Salió Ritalín de casa directo a meterse en su aventura. Recorrió caminos de la vega norte, cruzándose con algún labrador, extrañado. Entró en una huerta para ver las enredaderas en las que crecían judías. Saliéronle a recibir dos perros guardianes que le dieron un buen susto, pero retrocedieron al percibir que era inofensivo. Llegó a las dunas junto al mar donde por aquellos días se recolectaban los tomates. Siguiendo por la playa arribó a la desmbocadura del río. Ascendió contracorriente por la alameda que bordeaba la ribera, paseo preferido, según su padre, del otro abuelo, el que no conoció. Arribó al puente y cruzó a la otra orilla. reconoció las carreteras por las que circulaba montando en el carro de su tío; incluso lo había conducido por allí, cuando le dejaban que manejara las riendas; no pensaba que el borrico era tan listo como para conocerse la ruta al dedillo y seguir su camino sin necesidad de atender indicaciones. Atravesó Ritalín campos de naranjos y otros de hortalizas. llegó hasta las marismas de los confines del término en las que las espigas de arroz perdían su verdor para amarillear camino de la siega, marcando el avance del verano. Desde allí, Ritalín decidió volver hacia el río, que vertebraba a la villa y facilitaba su orientación. Hasta que tropezó con el azud, la represa que dirigía el reparto de aguas hacia las acequias, responsables de la riqueza agrícola. Le resultó interesante la distribución del líquido hacia unos pequeños cauces, distintos al del río. Podía diferenciar lo construido porla naturaleza y lo otro, similar a lo que fabricaban los albañíles de las obras. Se paró a contemplar cómo el agua salía y se distribuía a través de los distintos canales. Las acequias eran geométricas, artificiales. ¿Habría construido alguien también el río? Se preguntaba Ritalín. ¿Para qué querrían desviar las aguas? Aquello no llegaba a entenderlo aún, no le habían explicado todavía en el colegio que el regadío convirtió las vegas en vergeles.

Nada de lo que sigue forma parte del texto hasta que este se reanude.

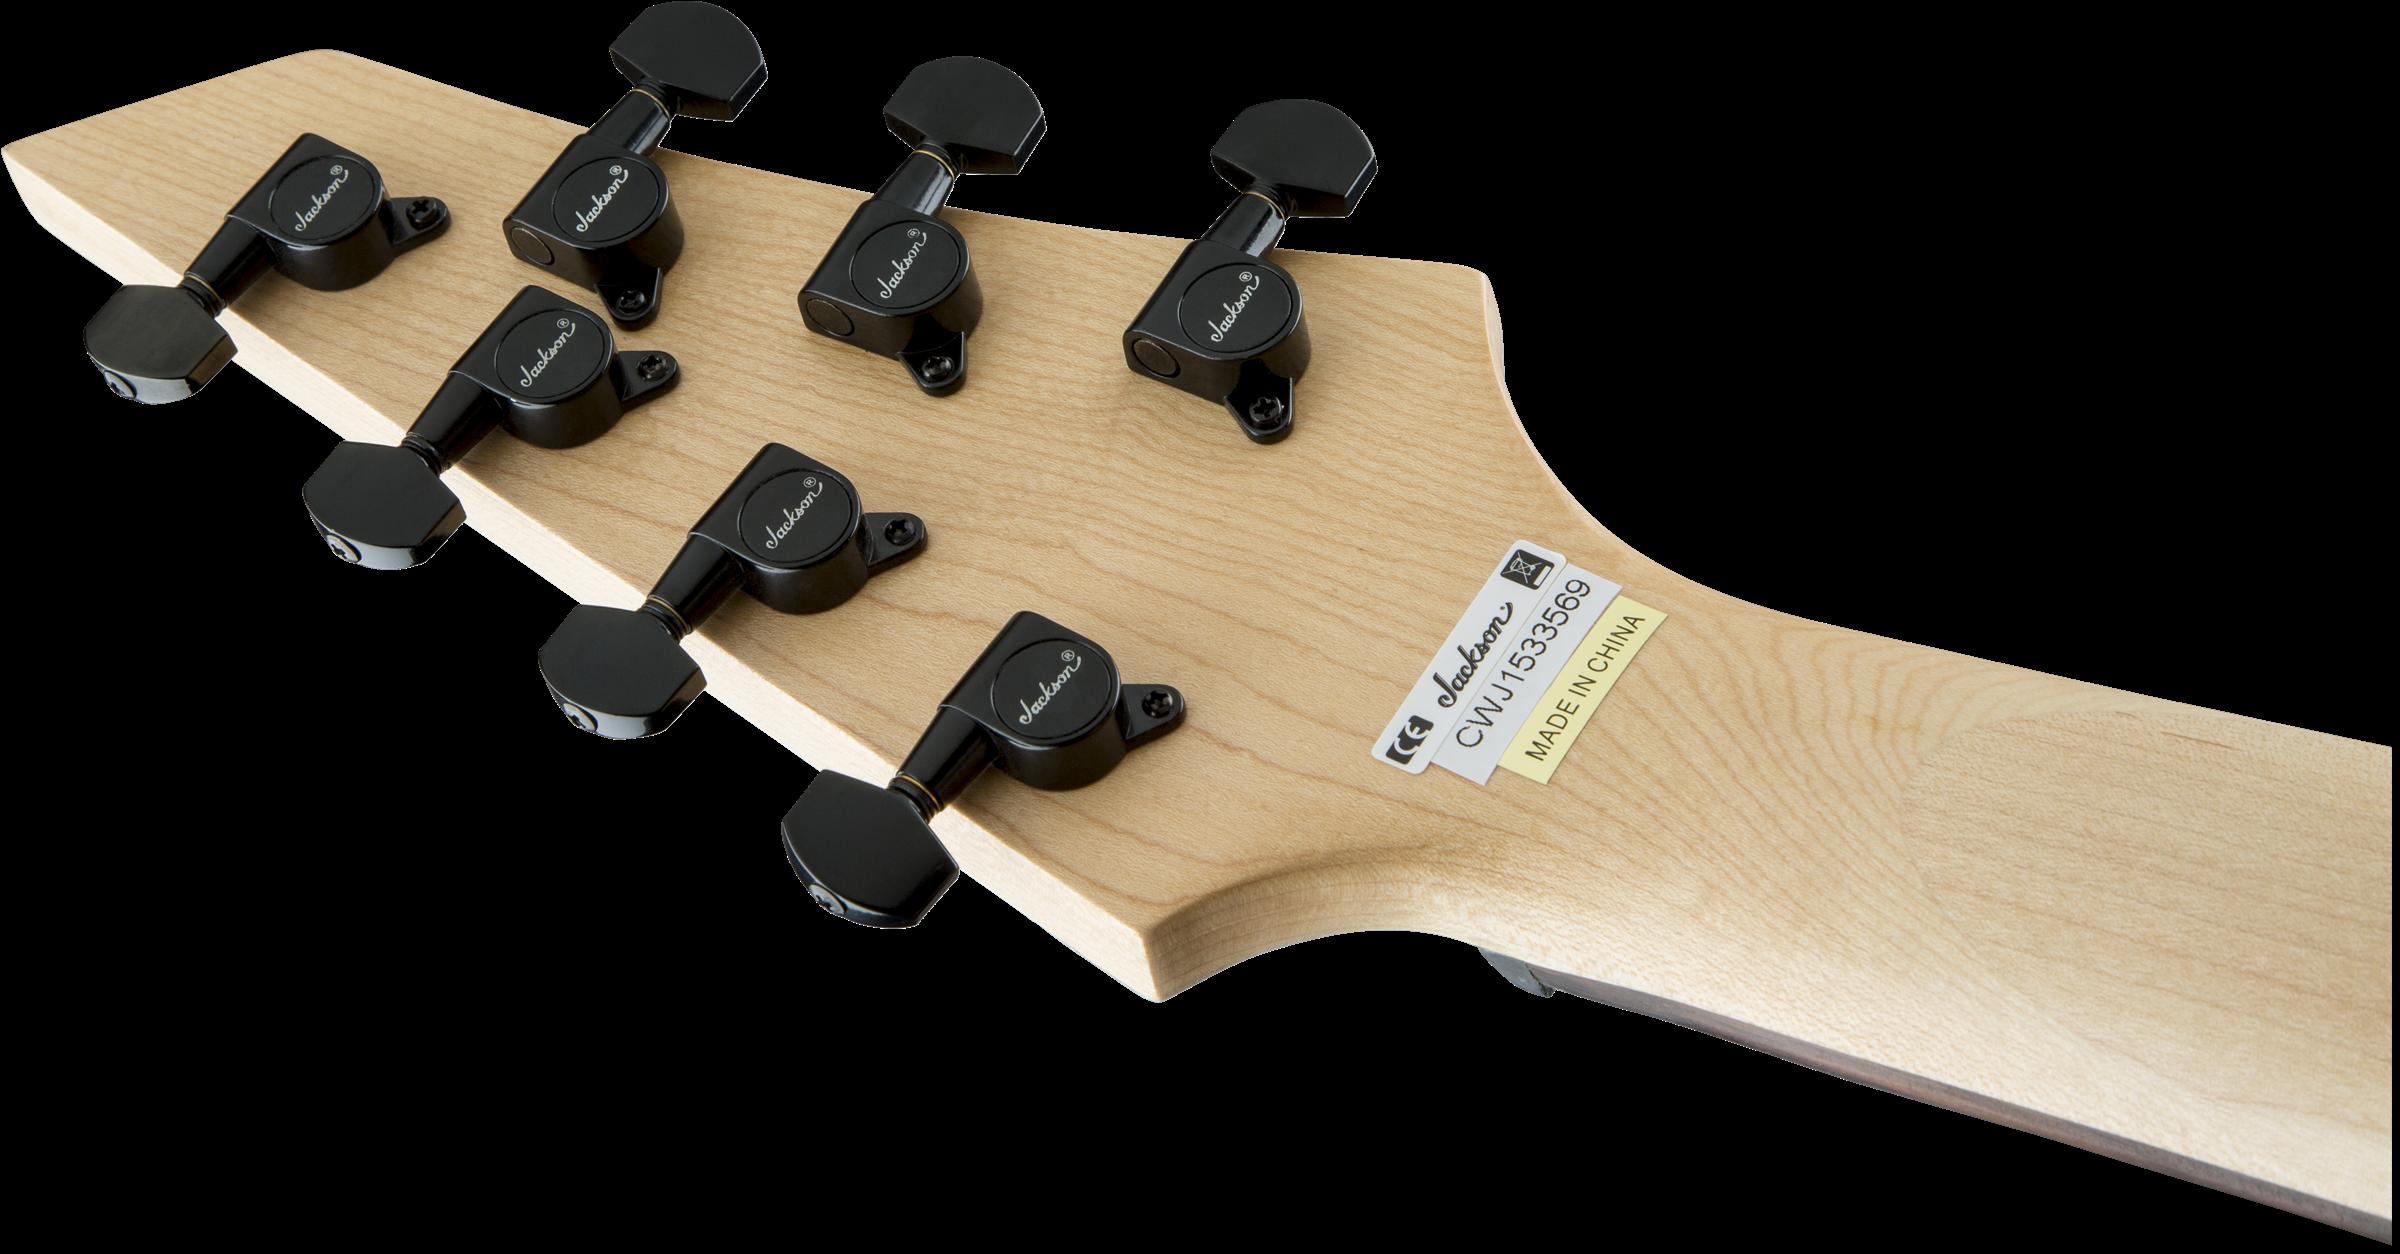 schecter solo guitar wiring diagrams schecter guitar parts

En casa había pasado la hora de la siesta. Ritalín no estaba en ningún sitio. Le buscaron por el barrio. Su madre salió a la calle y le llamó, gritando su nombre, tal como era la costumbre de todas las madres de pueblo cuando requerían a sus vástagos, invariablemente a la hora de las comidas. No contestó. No se le veía por ninguna parte. Se empezaron a preocupar. Había desaparecido, estaba claro. Se habría escapado y se habría perdido. No era posible más temible para aquellos tiempos. Se organizaron batidas. Sus padres, sus tíos, sus primos mayores e incluso varias vecinas ociosas se organizaron para recorrer el pueblo y sus afueras en búsqueda de Ritalín.

Absorto en la contemplación de las maravillas de la técnica hidráulica le descubrió Manolita, la más cotilla del barrio y cabecilla de una de las partidas de búsqueda. ¡Ritalín! ¿qué haces ahí? Le gritó. Para, seguidamente avisar a todos de que le había encontrado. ¿Le había encontrado? ¡si él no se había perdido!, pensó Ritalín. Se le había hecho tarde porque los largos días de principios de julio despistan, pero pensaba en volver a casa cuando le descubrieron.

La imaginación del populacho propagó el bulo de que Ritalín, no sólo se había perdido, sino que le habían encontrado a punto de ahogarse. ¡El!, que siempre supo nadar; que no tenía noción de haber aprendido, igual que de andar; le enseñó su padre en la playa cuando era bebé. Aquello le molestó mucho, más que la bronca que le echaron sus progenitores una vez calmados. Incluso más que el tremendo zapatillazo que su madre estampó en sus posaderas cuando, chulescamente, alardeó de que no se había perdido, de que sólo había salido a dar un paseo.


¡Aquel tremendo zapatillazo de 1960 sería en 2021, la dosis diaria de RITALÍN!